* _Information supplied_:

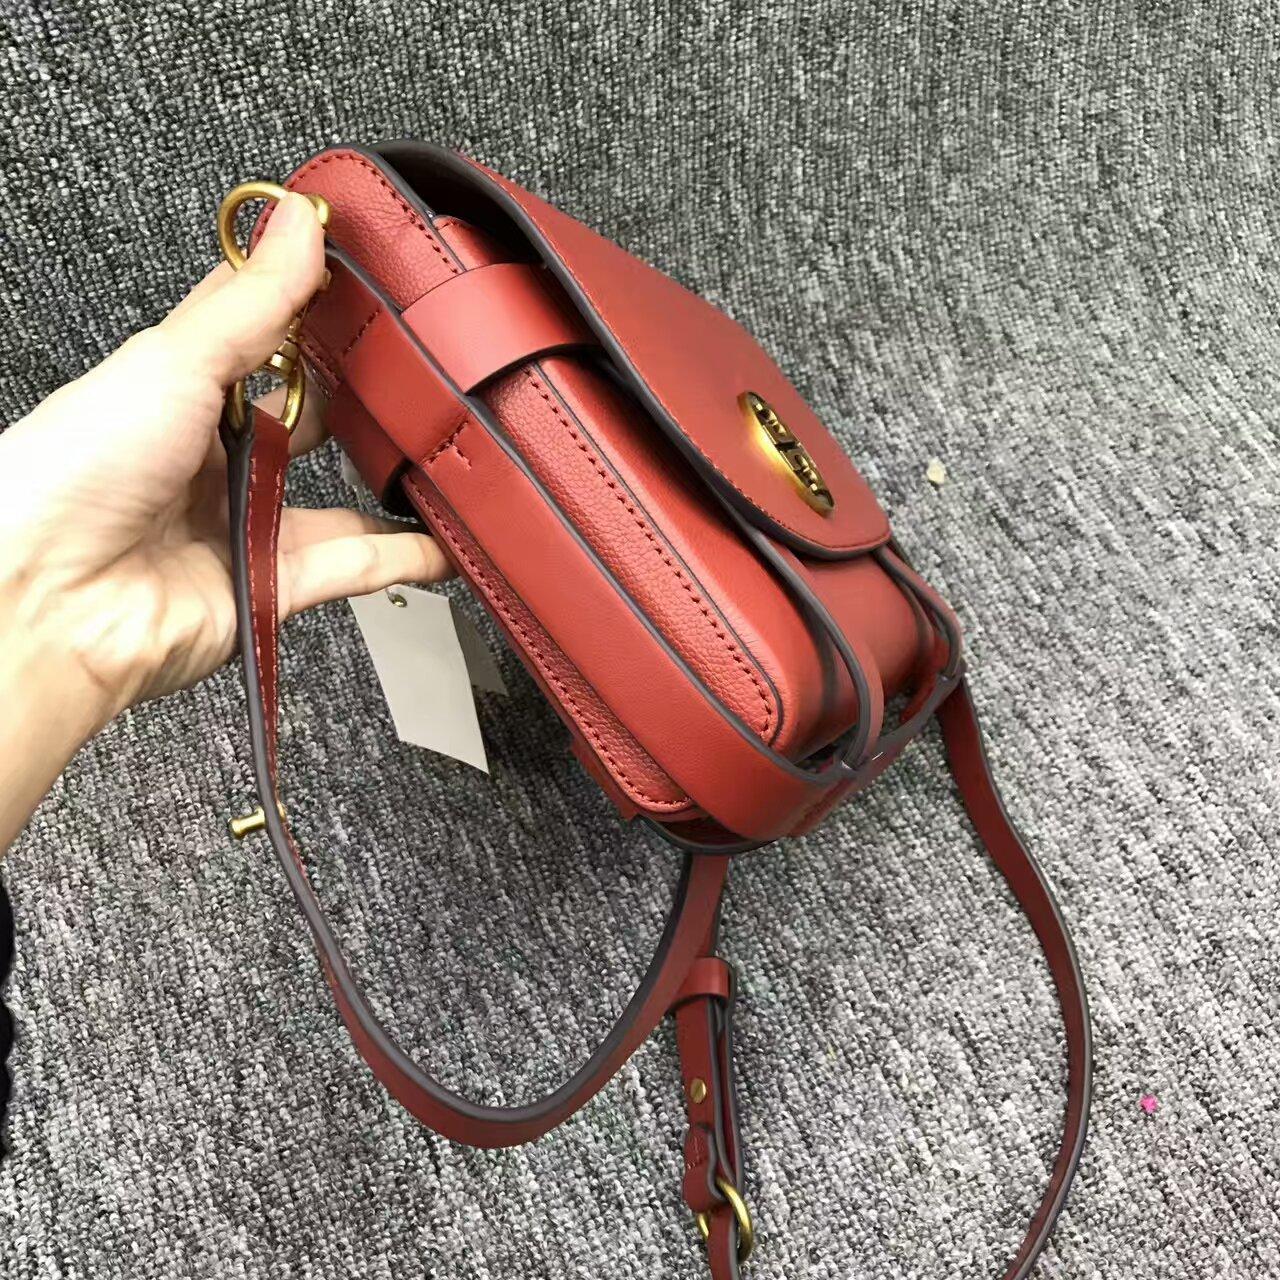 Tory Burch Alastair Shoulder Bag
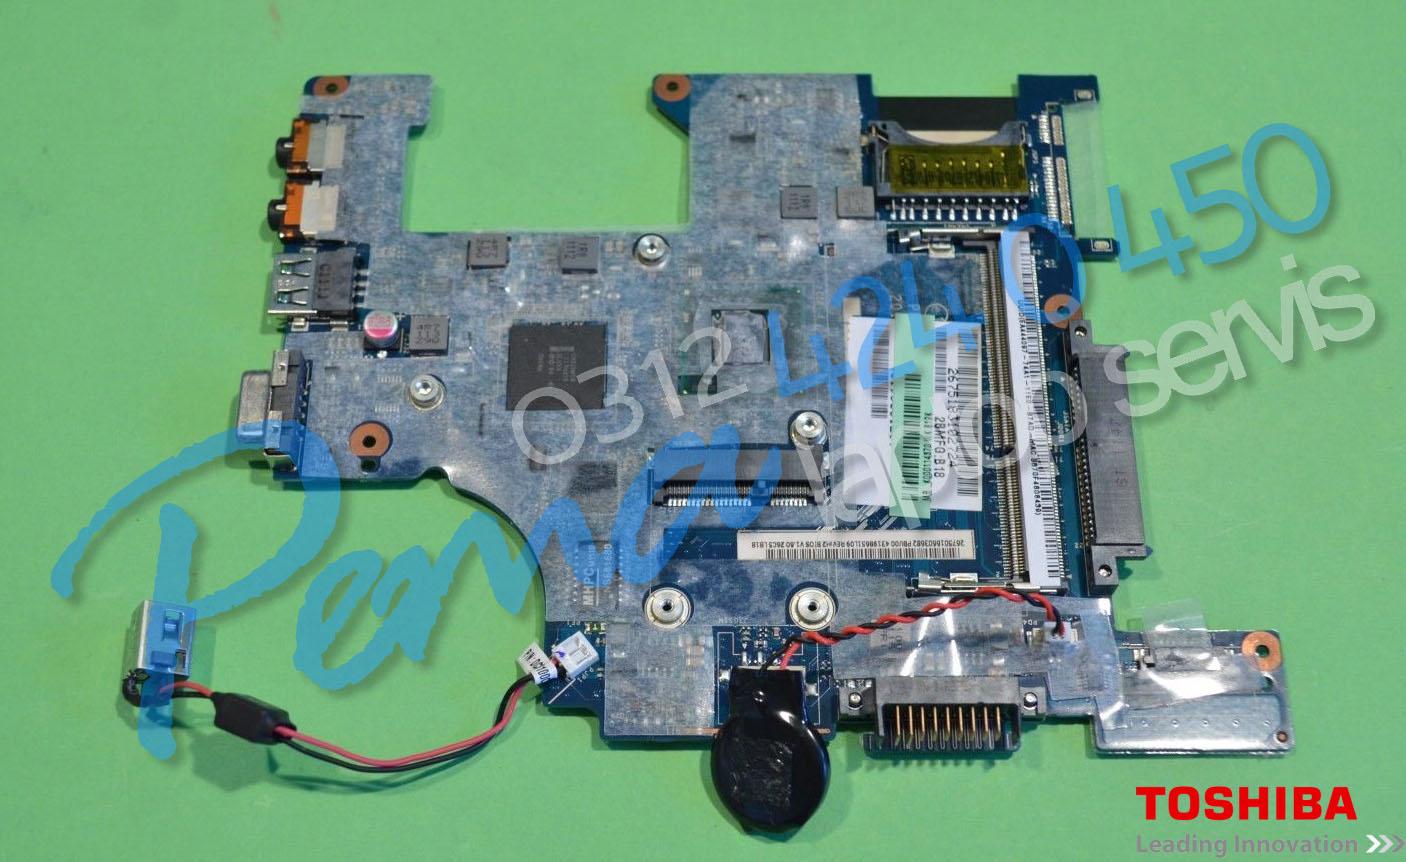 Toshiba NB500 Anakart
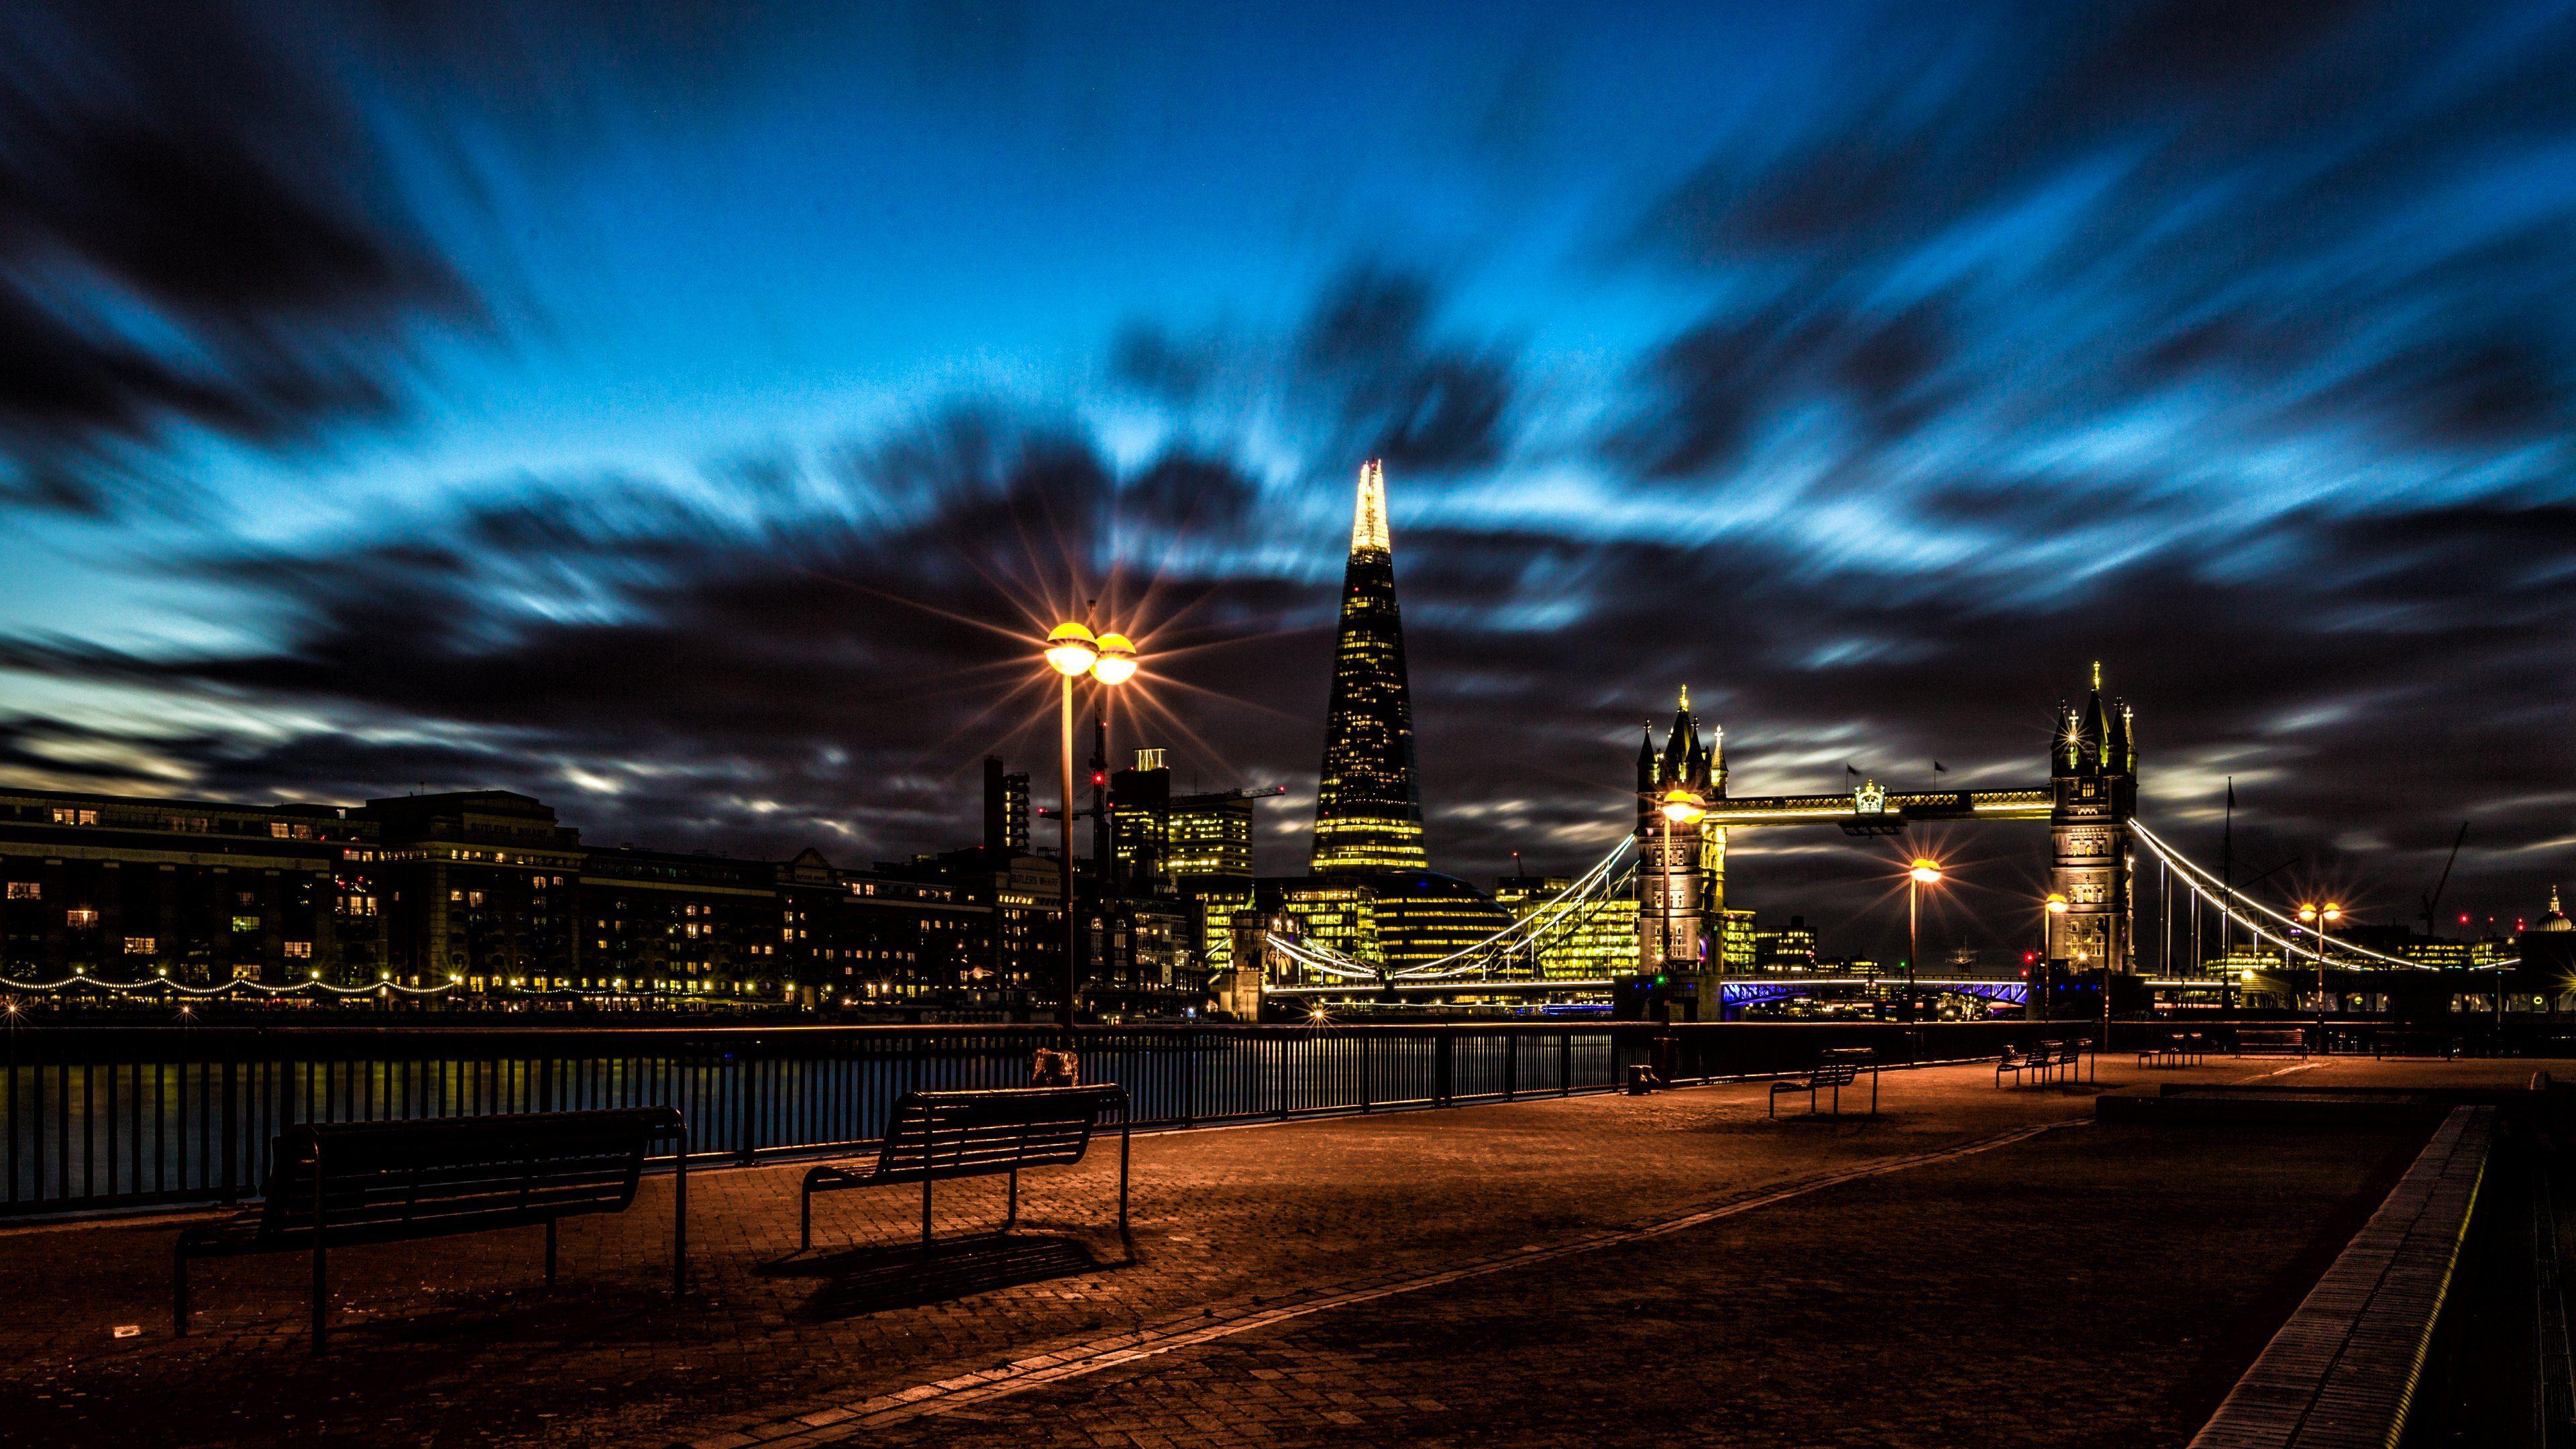 London Night Wallpapers - Top Free London Night ...
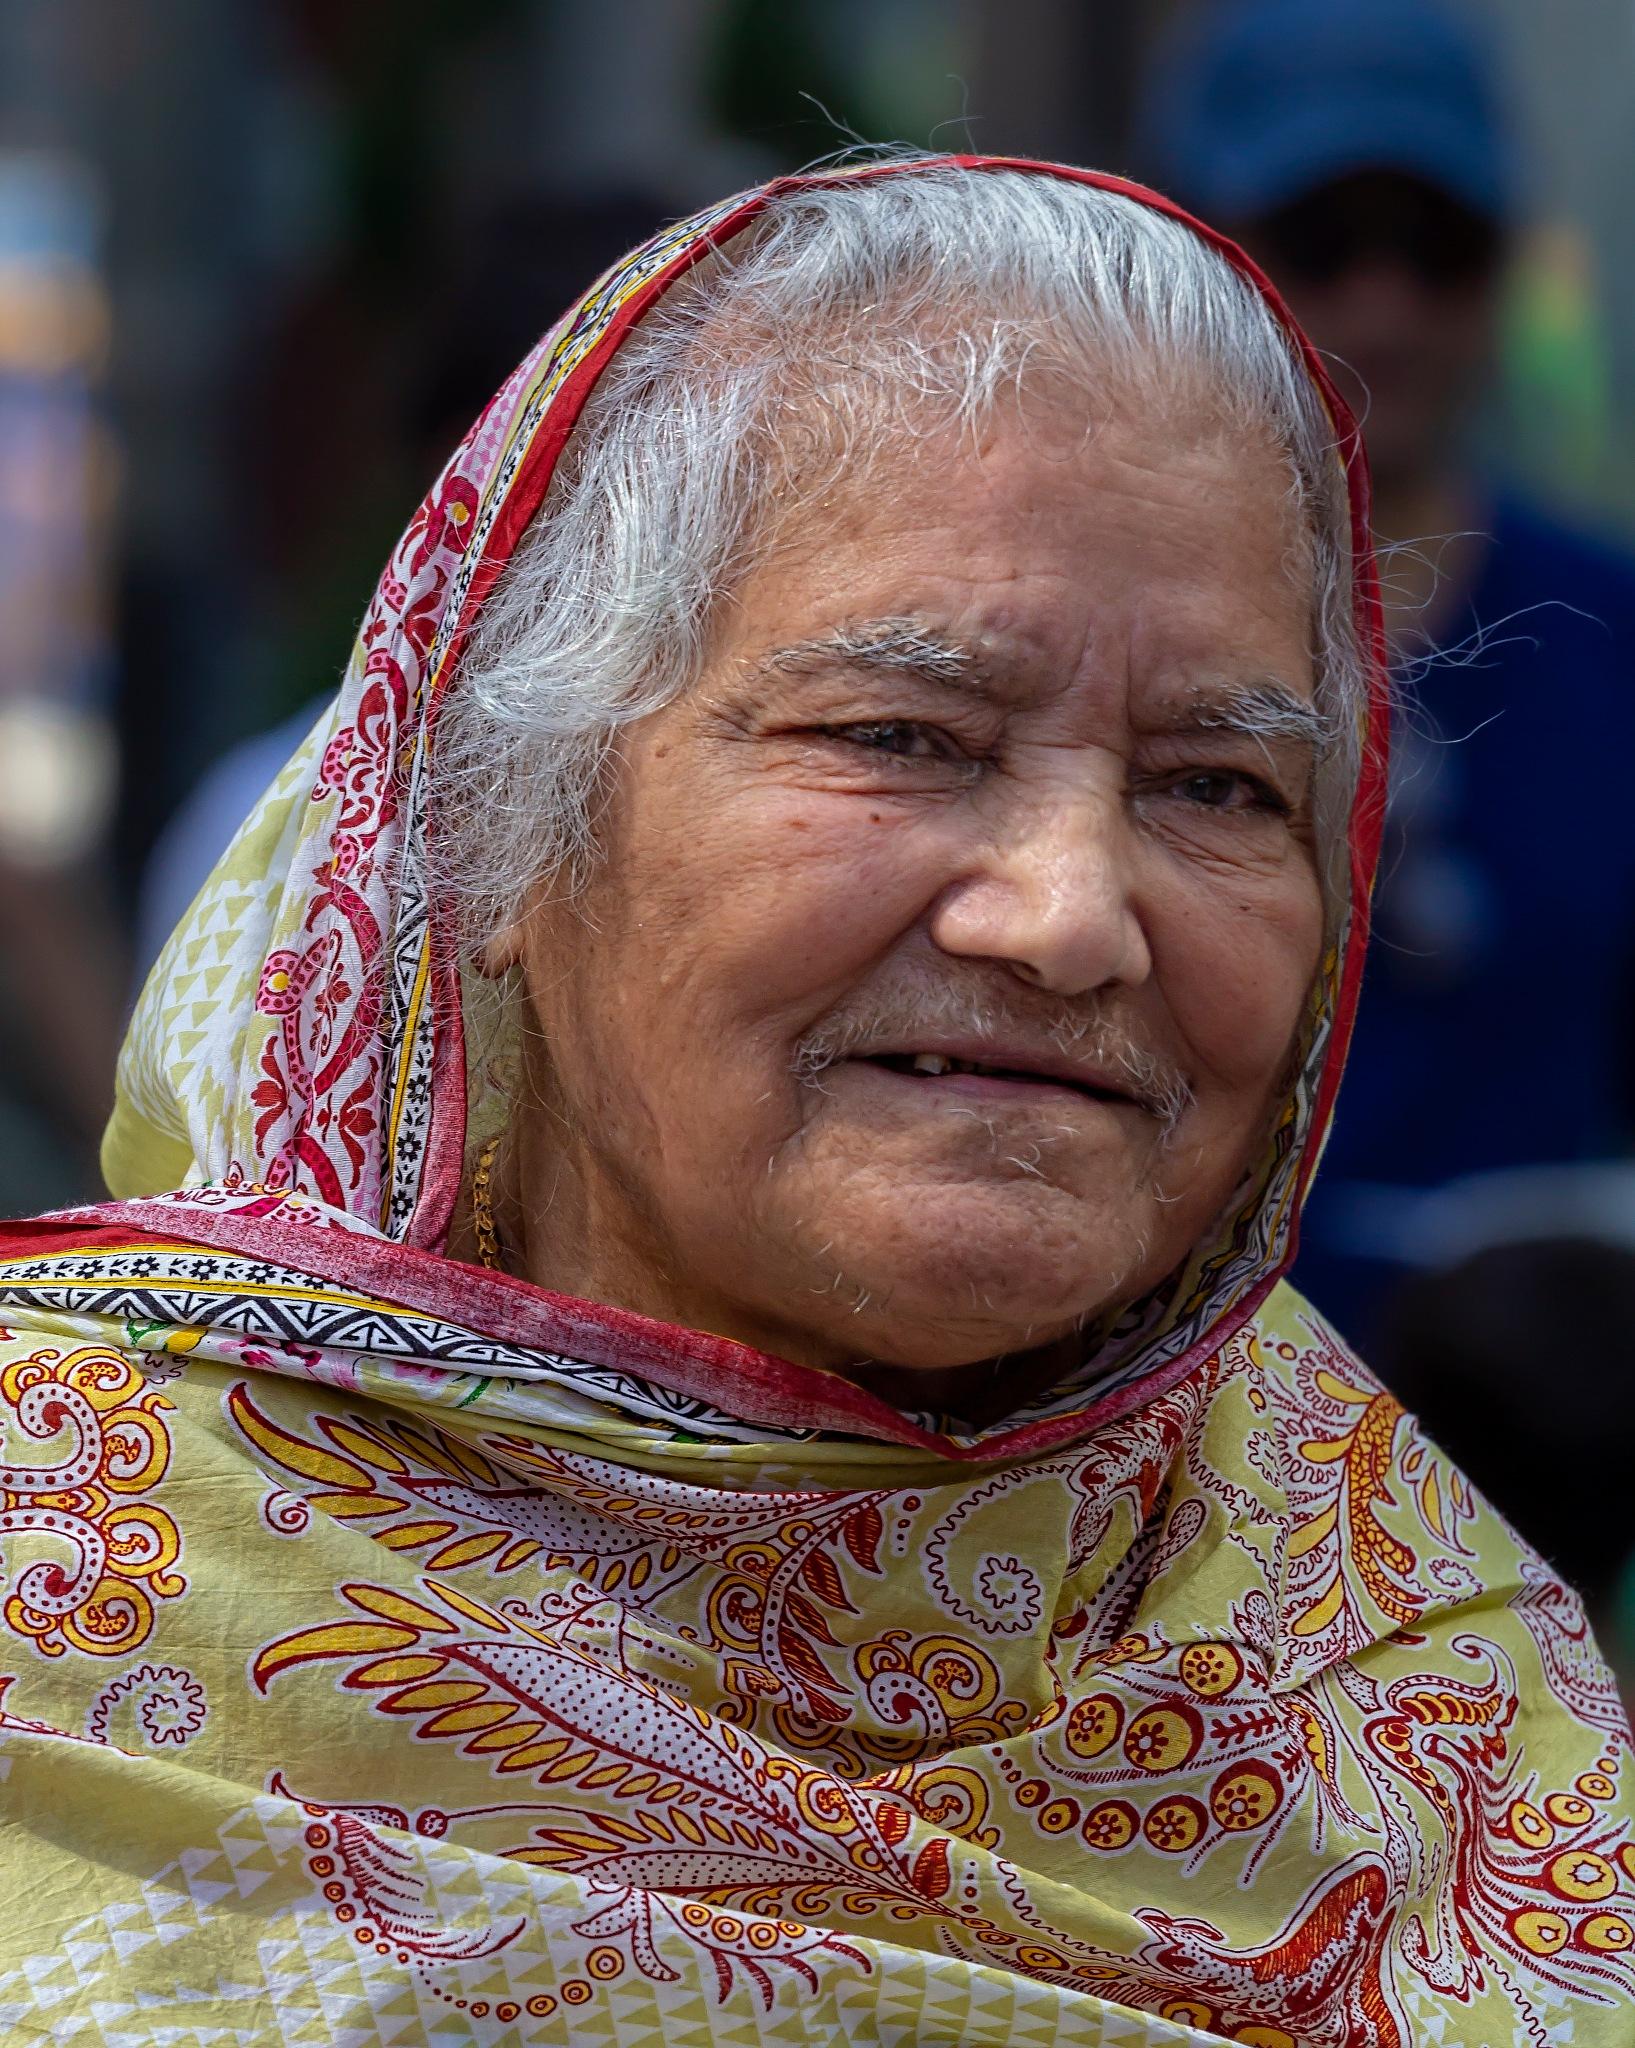 Pakistani Day NYC - Elderly Woman - Traditional Dress by robertullmann

* _Action item_: Retype the listing above exactly, please. Pictures do not belong in the copy.

* _Task response_:
 Tory Burch Alastair Shoulder Bag
 Toshiba NB500 Anakart
 London Night Wallpapers - Top Free London Night ...
 Pakistani Day NYC - Elderly Woman - Traditional Dress by robertullmann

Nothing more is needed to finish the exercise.